──────── DATASET CONTENT ────────

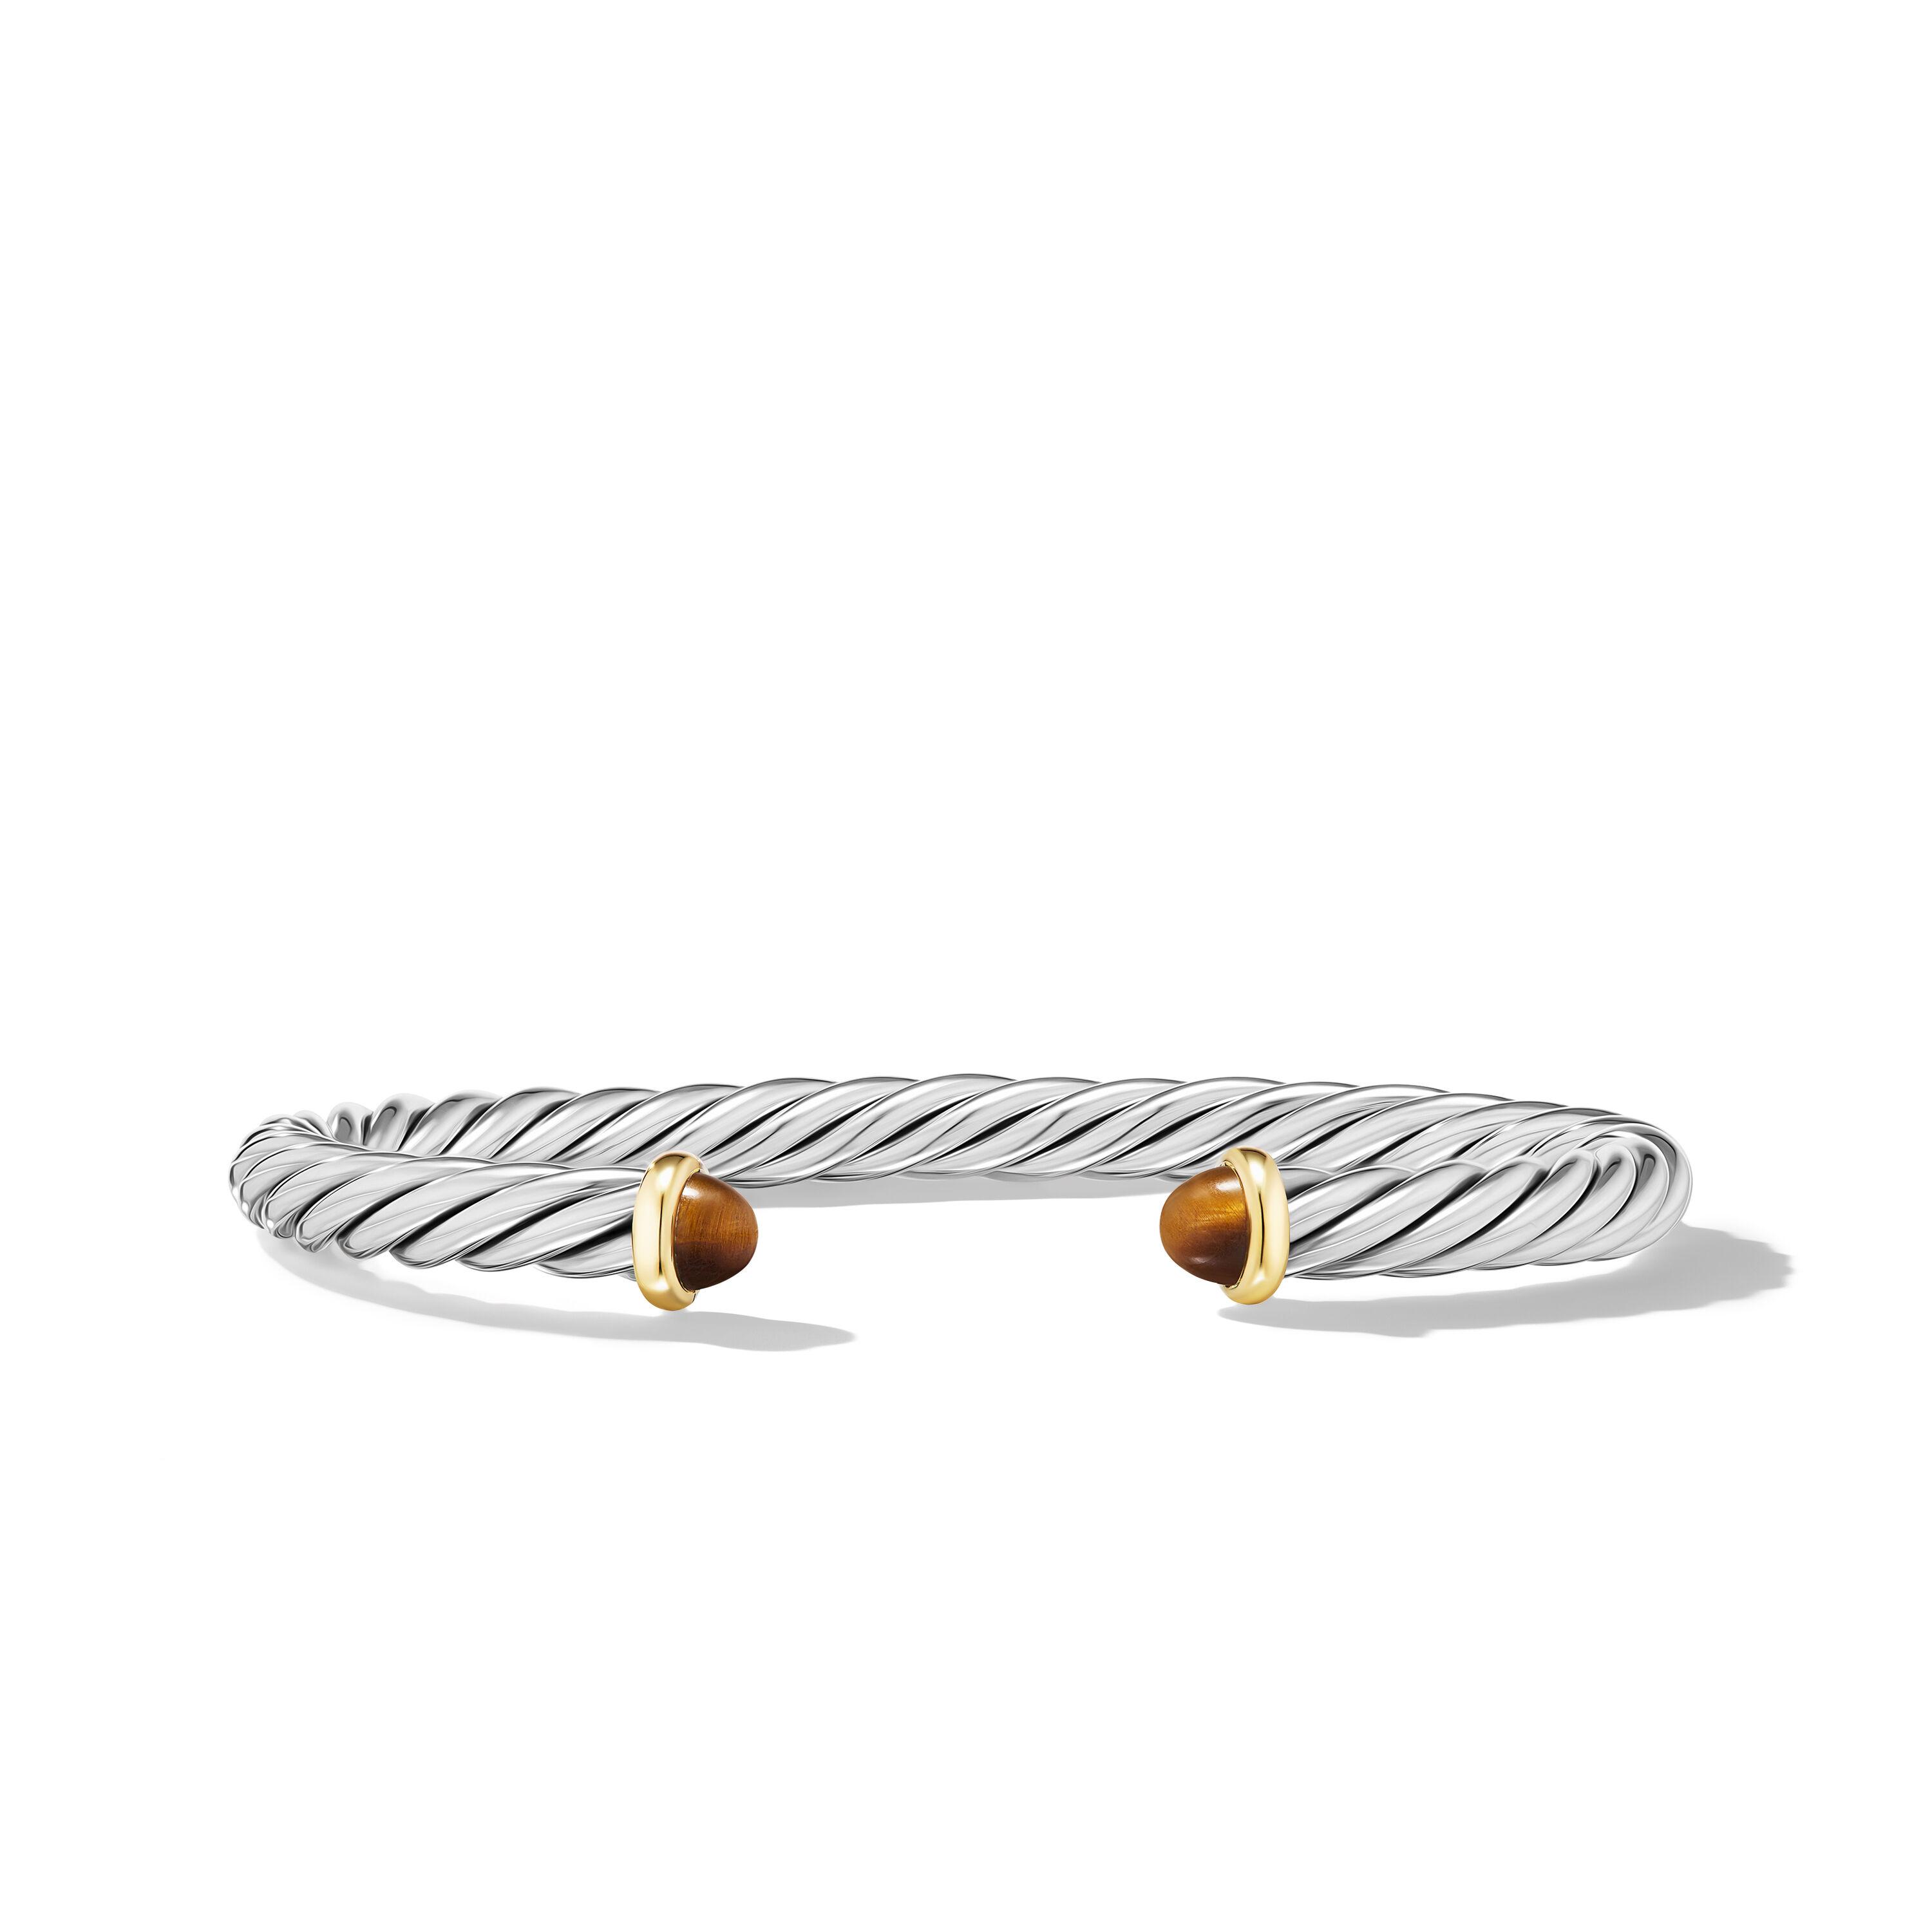 David Yurman 6mm Cable Cuff Bracelet in Sterling Silver with 14K Yellow Gold and Tiger's Eye, Medium
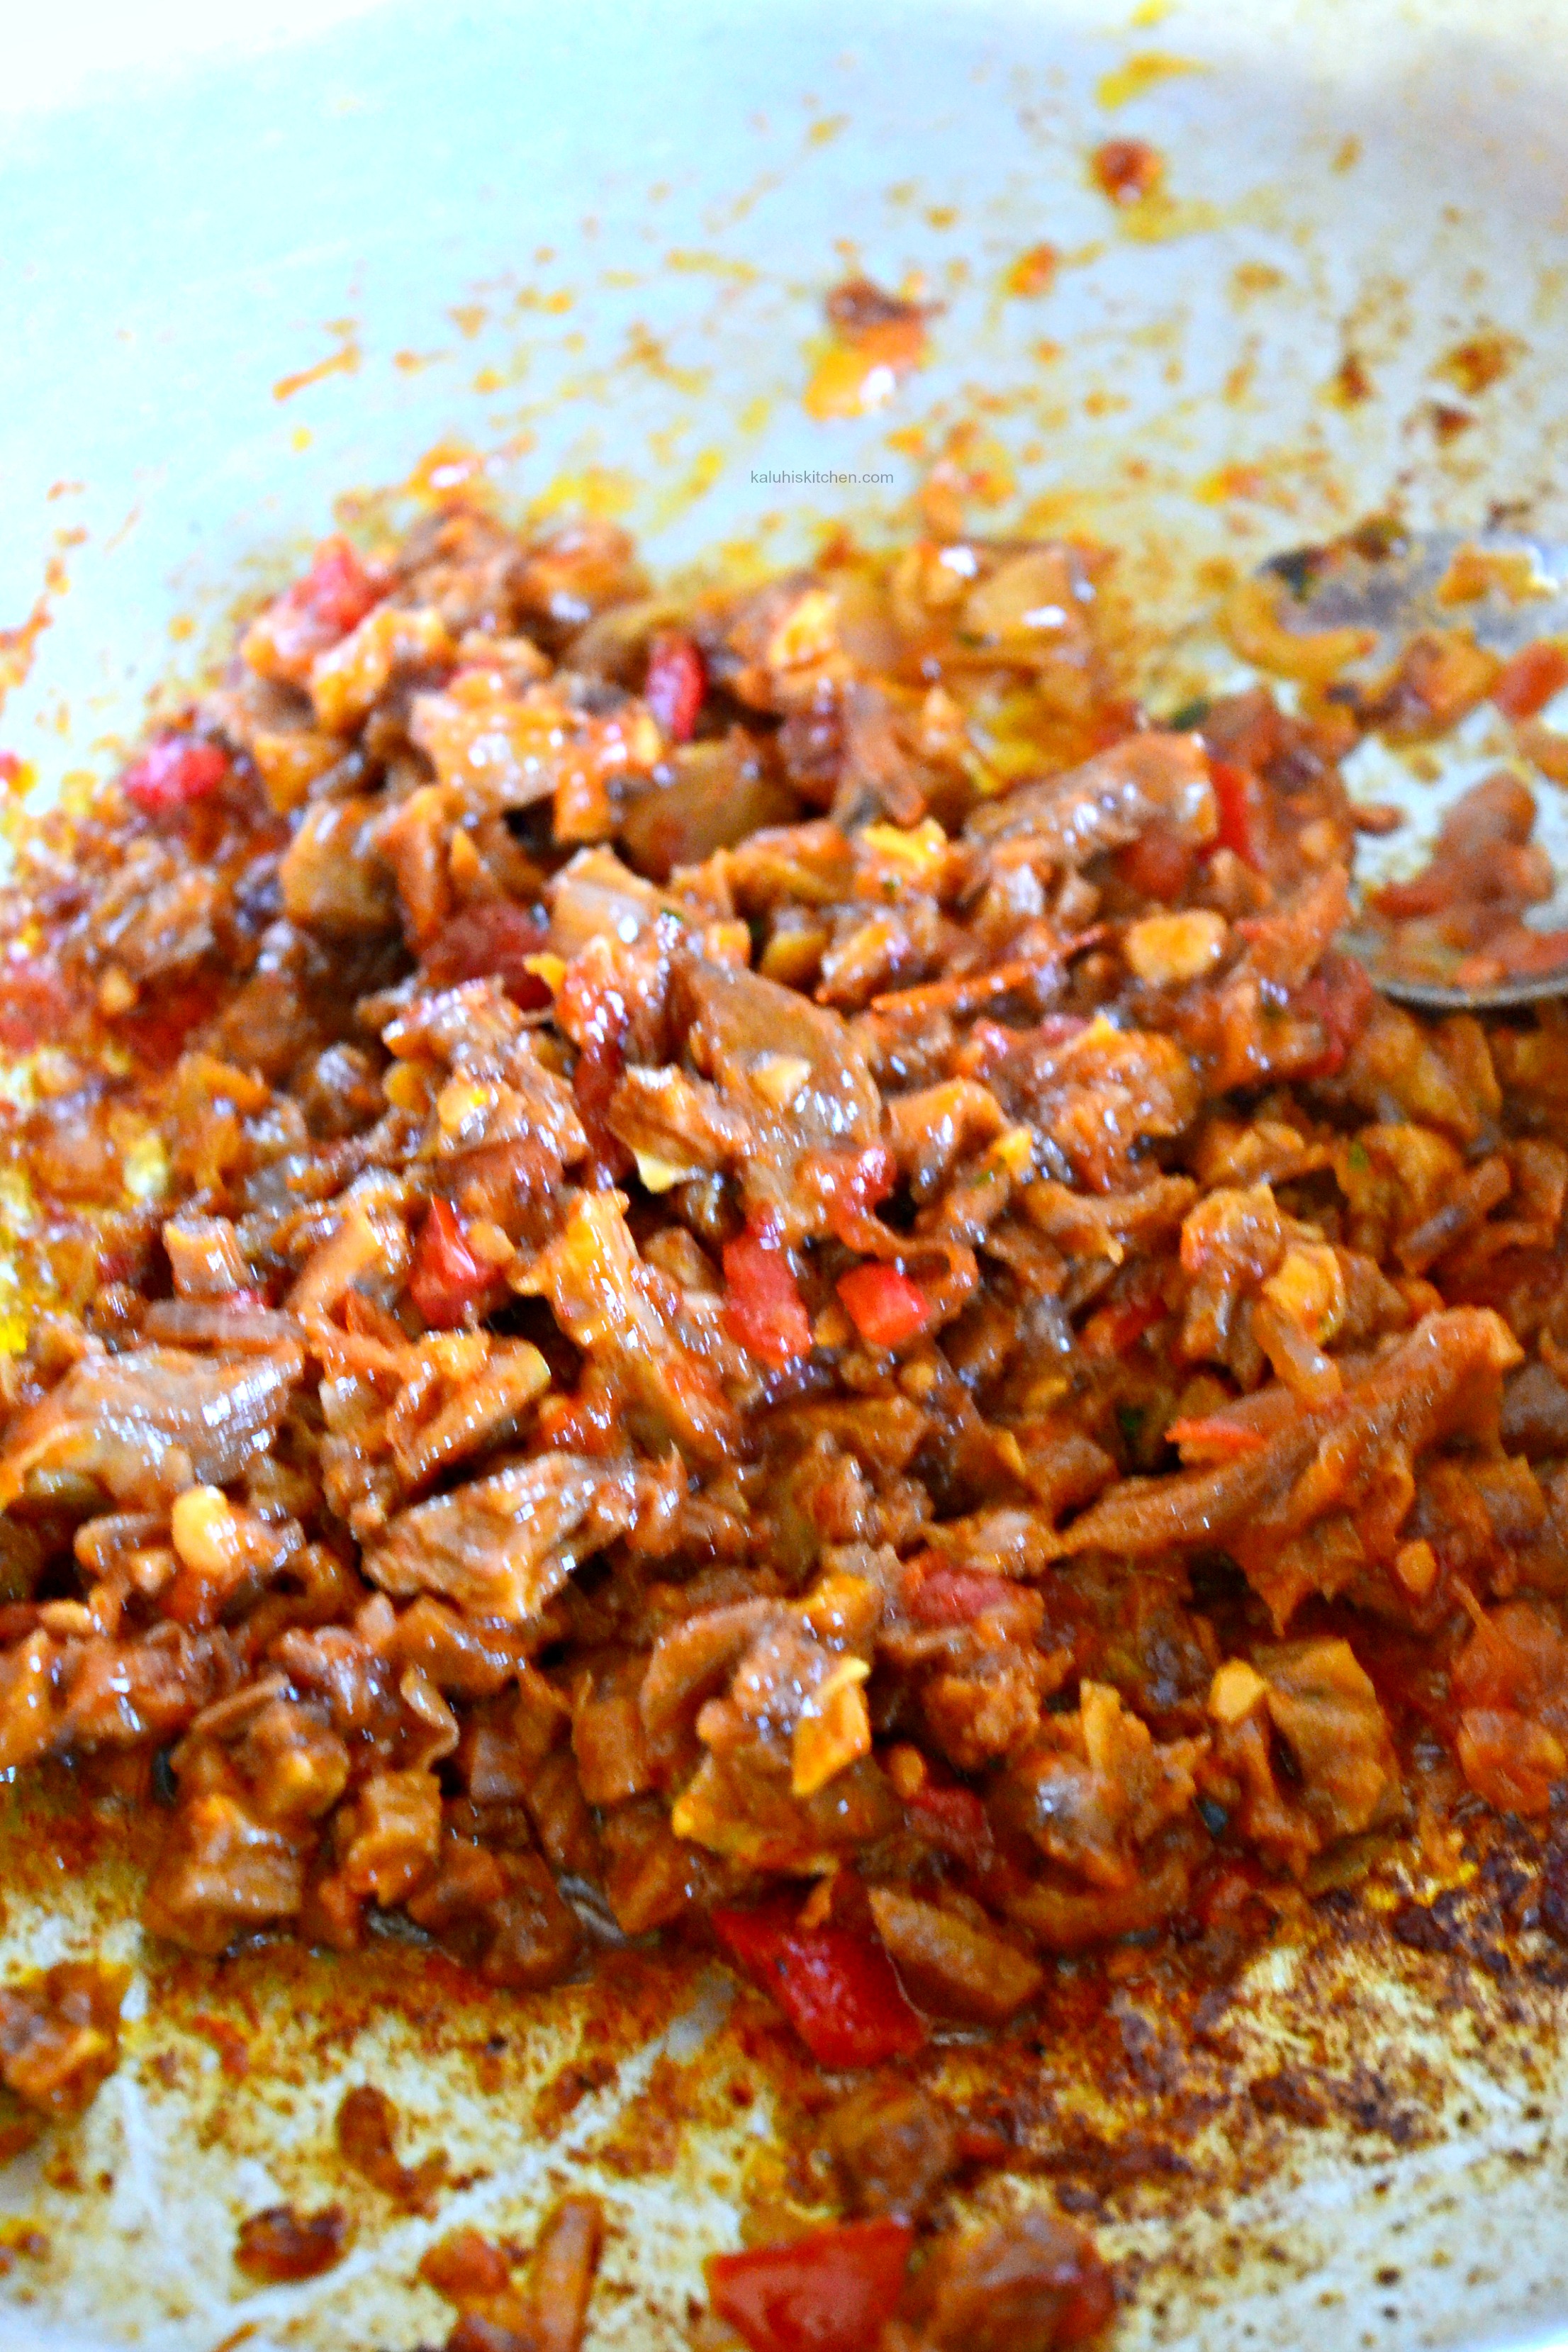 cook-the-meat-with-dates-cayenne-pepper-onions-garlic-and-tomatoes-for-it-to-have-a-fuller-more-bodied-flavor-profile_kaluhiskitchen-com
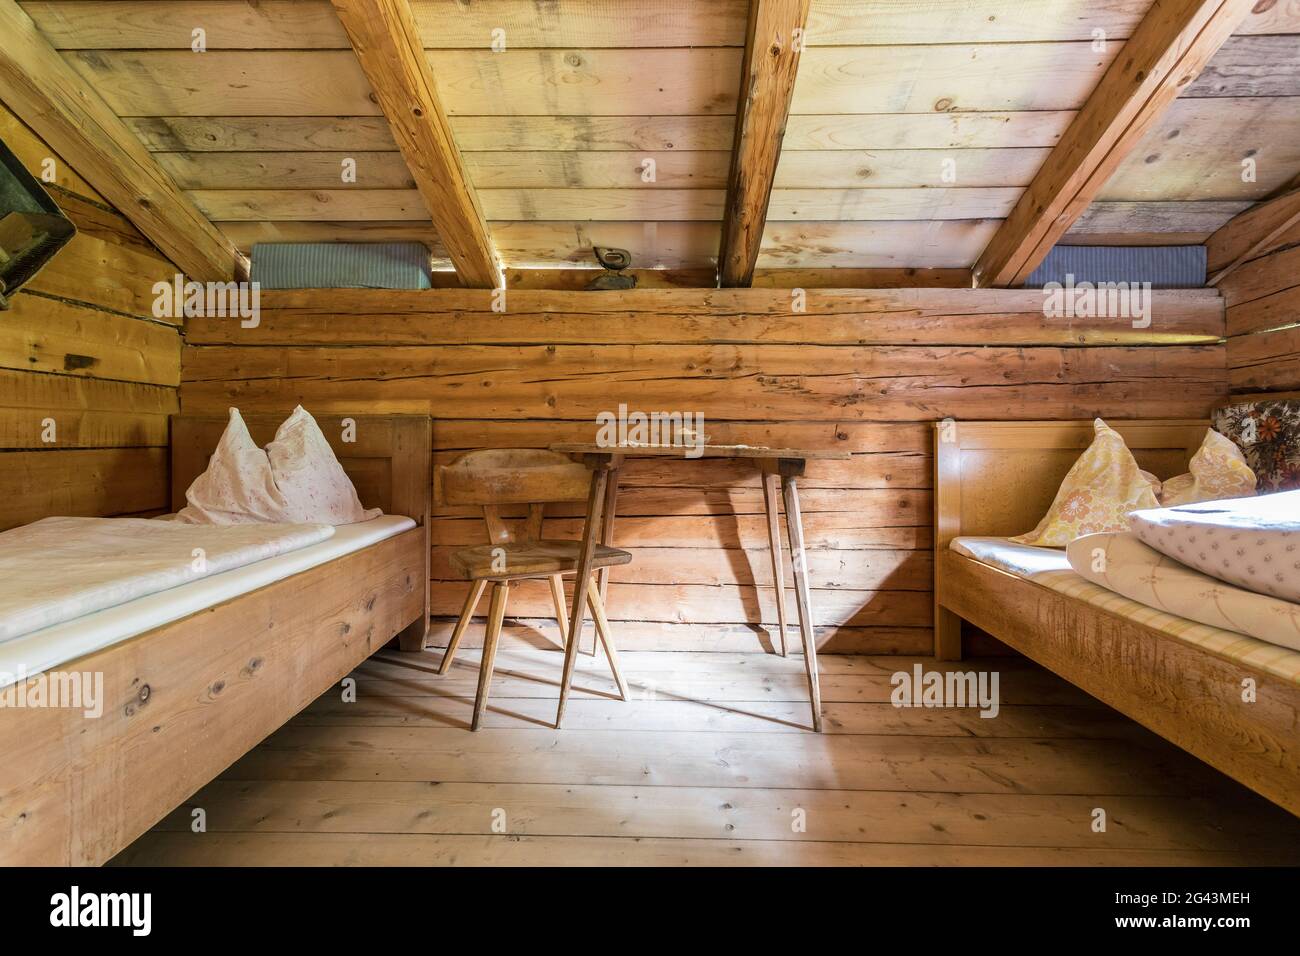 Holiday in the mountains: Rustic old wooden interior of a cabin or alpine hut Stock Photo

────────

__WHAT TO PRODUCE__. Give back every line of the material exactly as written, but not the pictures.

__WRITTEN SOLUTION__.
 David Yurman 6mm Cable Cuff Bracelet in Sterling Silver with 14K Yellow Gold and Tiger's Eye, Medium
 cook-the-meat-with-dates-cayenne-pepper-onions-garlic-and-tomatoes-for-it-to-have-a-fuller-more-bodied-flavor-profile_kaluhiskitchen-com
 Holiday in the mountains: Rustic old wooden interior of a cabin or alpine hut Stock Photo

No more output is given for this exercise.